Speaking at the summit in
Maputo, Stéphane Le Galles, the head of TotalEnergies’ Mozambique gas project,
said “the direction is very good” but the company still wants to see “a
sustainable economic situation, not just in Palma but … all over Cabo Delgado.”
Despite the heavy presence of
Mozambican and Rwandan soldiers, the extremists’ attacks continue. Earlier this
month the rebels spread their violence for the first time to neighboring
Nampula province, where a Catholic mission was among the targets and an elderly
Italian nun was among those killed.
The United Nations High
Commission for Refugees said it “considers security conditions to be too
volatile in Cabo Delgado to facilitate or promote returns to the province,” in
a statement released earlier this month.
“People who have lost
everything are returning to areas where services and humanitarian assistance
are largely unavailable,” said the UNHCR.

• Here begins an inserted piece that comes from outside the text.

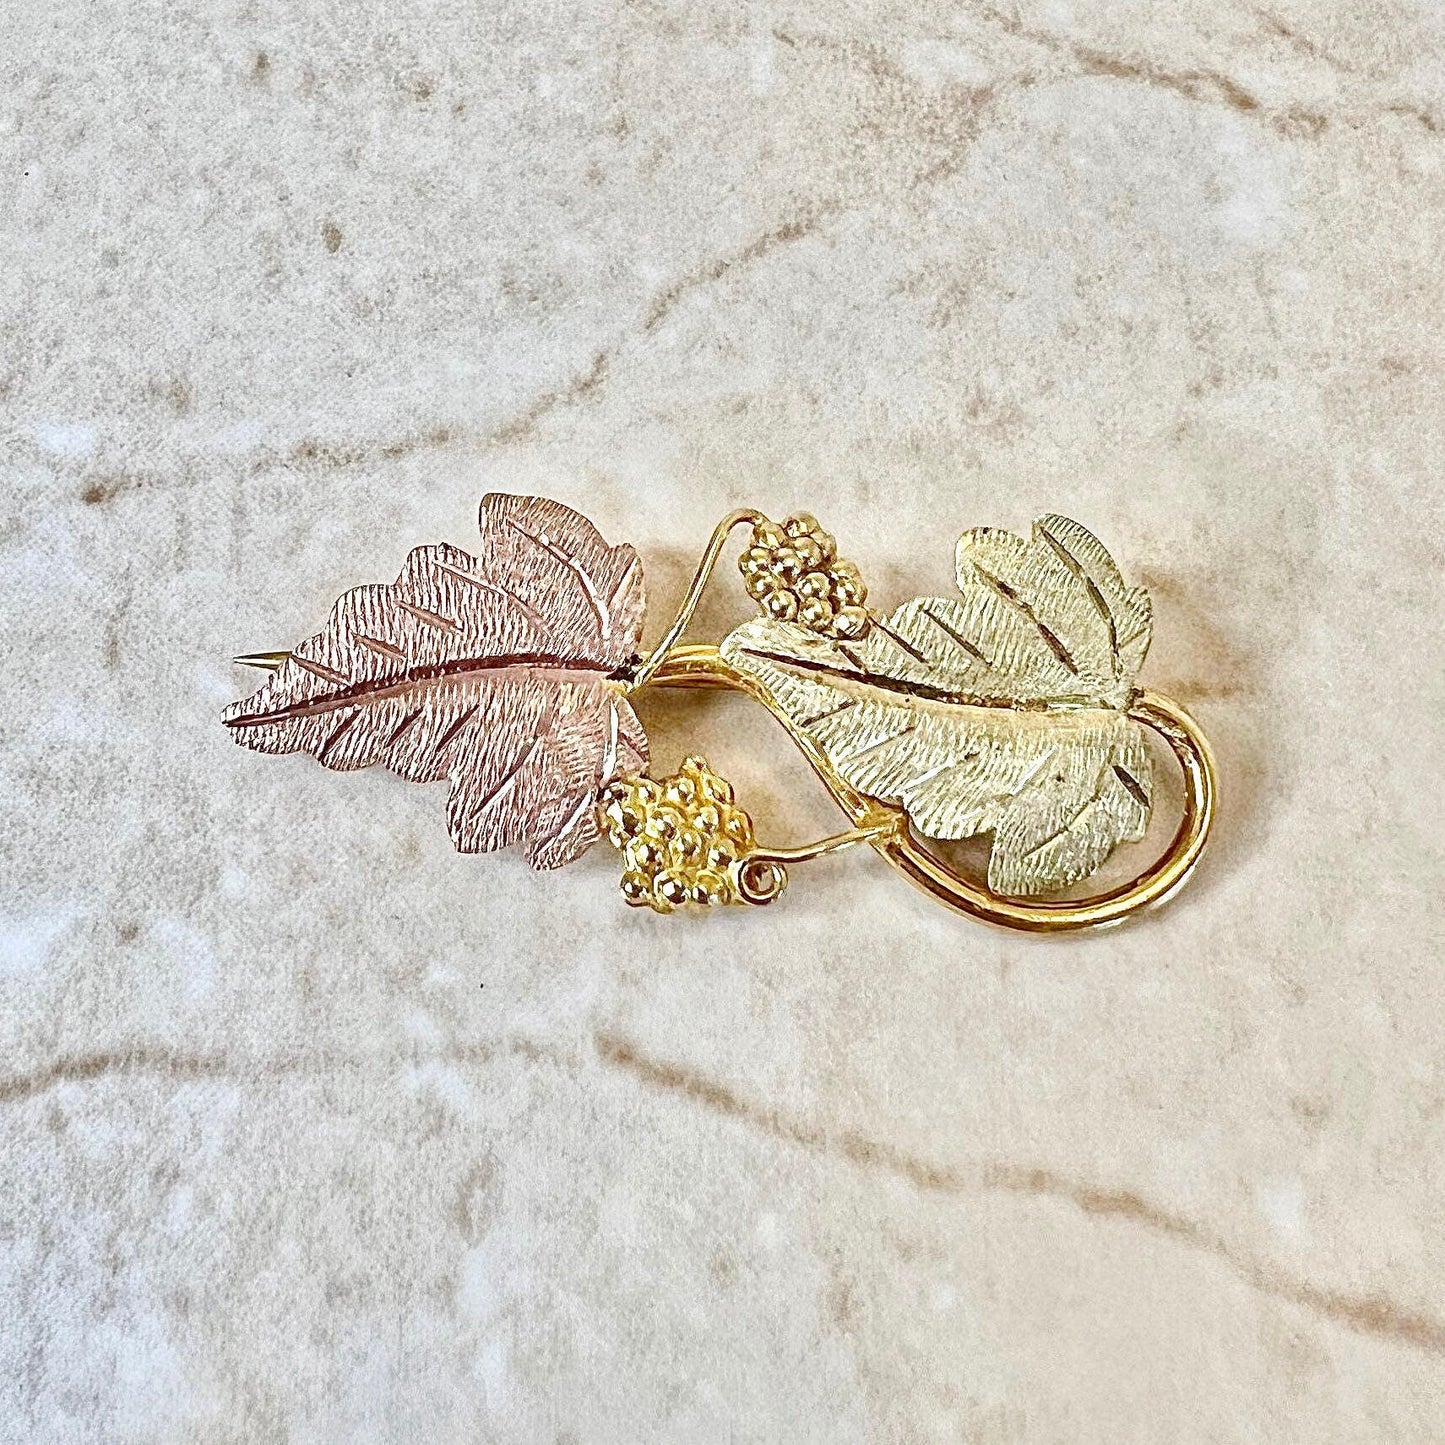 Vintage 10/12K Black Hills Gold Brooch Pin - Gold Grape Leaf Brooch - Birthday Gift - Jewelry Sale - Best Gift For Her

Those who return are met with
a mixed situation. Economic life is beginning to return but basic
infrastructure and public services are still lacking. Few schools are open and
health services are sparse.
In the provincial capital,
Pemba, where more than 100,000 displaced people have sought refuge, an elderly
woman sat outside a hut where her family of 15 took up residence two years ago
after fleeing an insurgent attack. They subsist on a meager diet of corn flour
and plain rice. Unable to find work, they have no money for clothes or other
essentials, she said.
“Definitely, we want to go
back. This is not a home,” said the grandmother, who spoke on condition of
anonymity for her safety.
With their villages further
north now destroyed, she says resuming normal life will be even more difficult.
Weighing up the risks and
costs of returning, many have decided to stay put, despite the deprivations
they face in the displacement camps.
“Over there, there is war and
hunger,” said another displaced person in the Nanjua camp. “We would not be
going to a better place.”
A mother cradling a small
child while sitting on a grass mat said the threat of extremist violence
remains a concern. She said many remain haunted by their experiences at the
hands of the insurgents: “It’s difficult to sleep in a place where you have
seen a snake.”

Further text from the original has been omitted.